I do like a swamp in a movie, all that Spanish moss and atmosphere, and it is here that Knight and his new friends form the ideas and bonds that eventually lead to a growing community, an uprising and the founding of a mixed race enclave, the titular Free State.
All this happens while Abraham Lincoln abolishes slavery, so all should have been rejoicing. but it’s actually what happens afterwards, as the film continues, that really intrigues, when life arguably gets worse for the freed black inhabitants. We witness the Ku Klux Klan, lynchings, burnings, segregation and the return of the plantation owners.
Meanwhile, Knight has fallen in love with a beautiful black woman, rachel, played by the wonderful Gugu Mbatha-raw, even though he’s still married, his wife Serena played by Keri russell. Mcconaughey plays it all rather well, a charismatic rebel leader, a robin Hood of the swamps and a troubled Lothario with weighty moral matters on his mind. No wonder he can’t quite grow a full beard – all that worry.

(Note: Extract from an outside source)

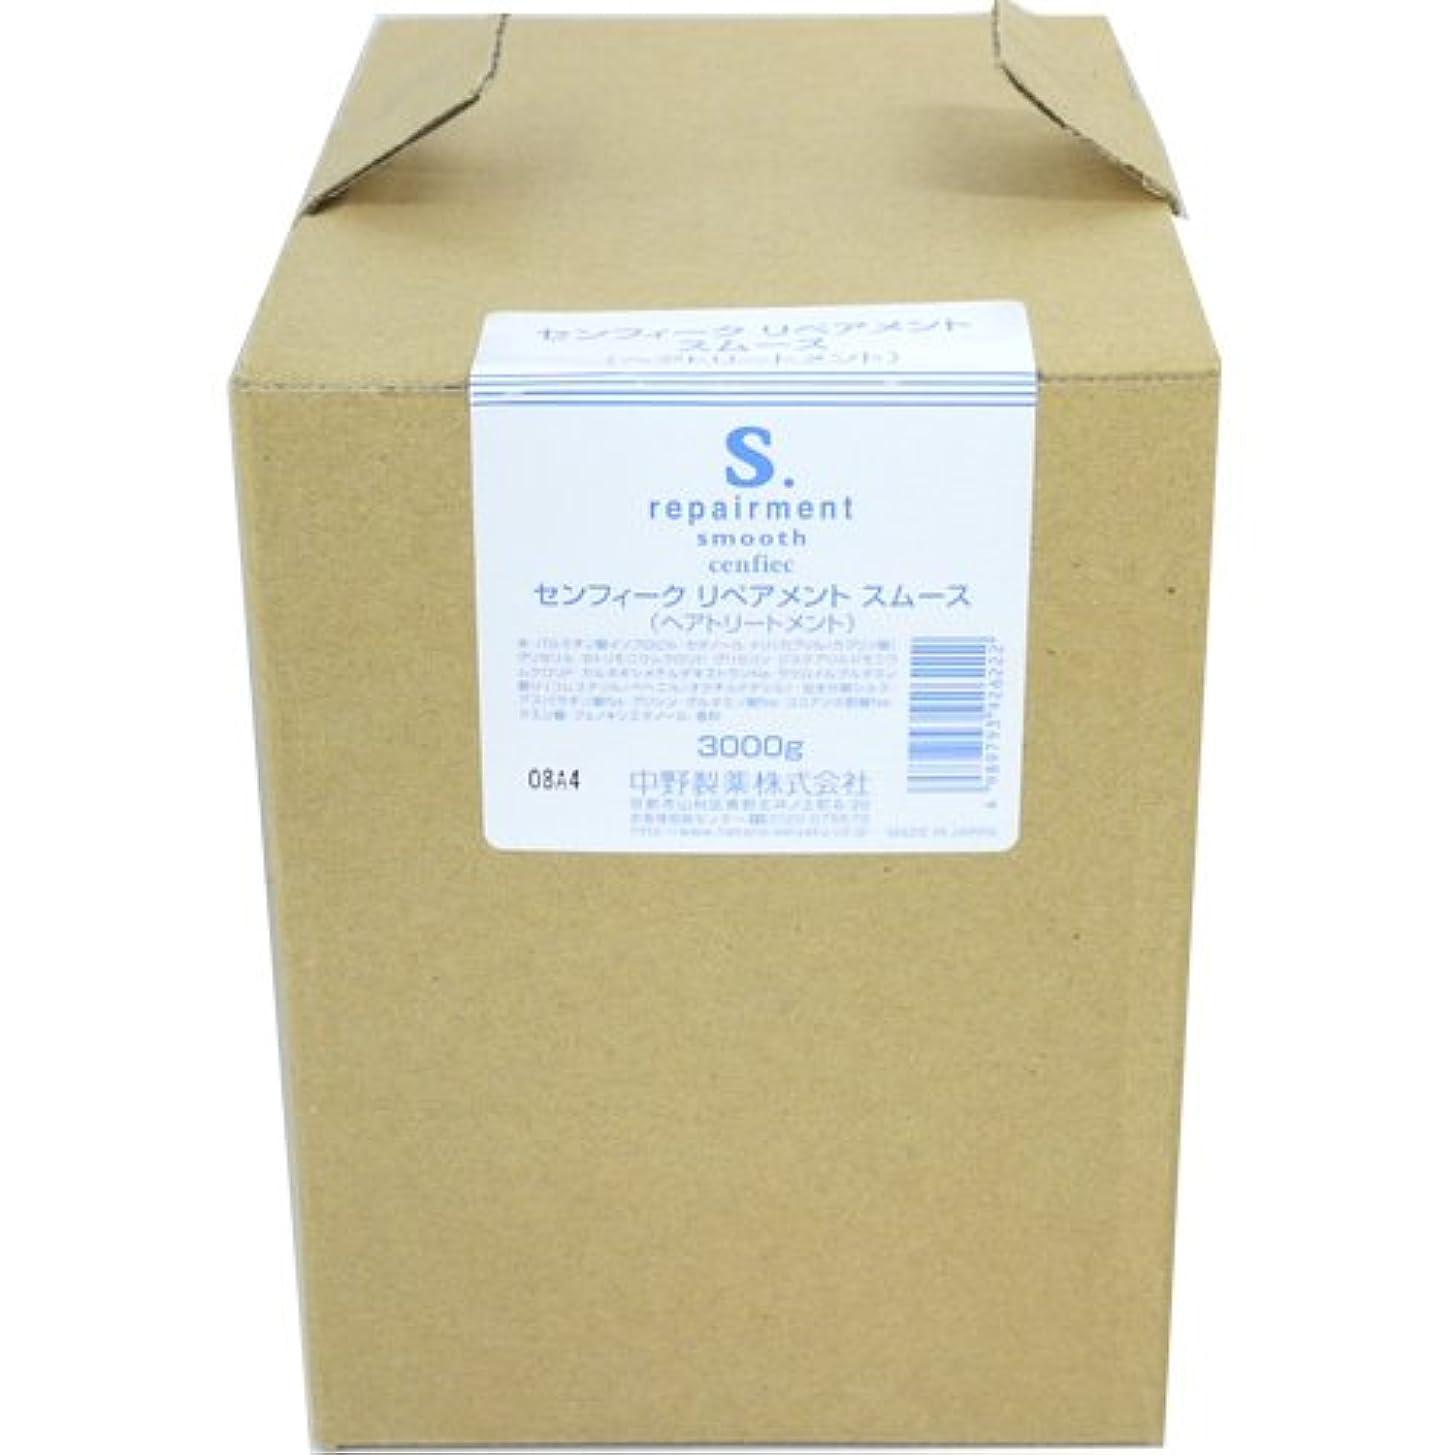 クロニクル避難モトリーナカノ センフィーク リペアメント スムース 詰め替え用 3000g(1500g×2)

As if there weren’t enough going on, director ross adds another layer, set 80 or so years in the future, where a bewildered young man is enduring one of those typically fruity Southern court trials under the charge of being descended from Knight and rachel and therefore guilty of intermarriage when he marries a white woman.
this segment alone would have made a great movie and, indeed, you do wonder why, in this age of Netflix and all that, if the whole thing mightn’t have been better as a 10-part tV series when its details and historical sweep would have more room to deepen and breathe.
I rarely wish a film were longer, but Free State of Jones feels a bit crammed, so the ticking of period cliché and history boxes takes the place of character and searing drama. Still, it’s handsome, fascinating and nobly performed by all – watch out, in particular, for Mahershala Ali, who was so good as the fixer remy in House of cards and who shines in the new film Moonlight, which I just caught at the London Film Festival and about which, I promise, you’ll be hearing much more soon.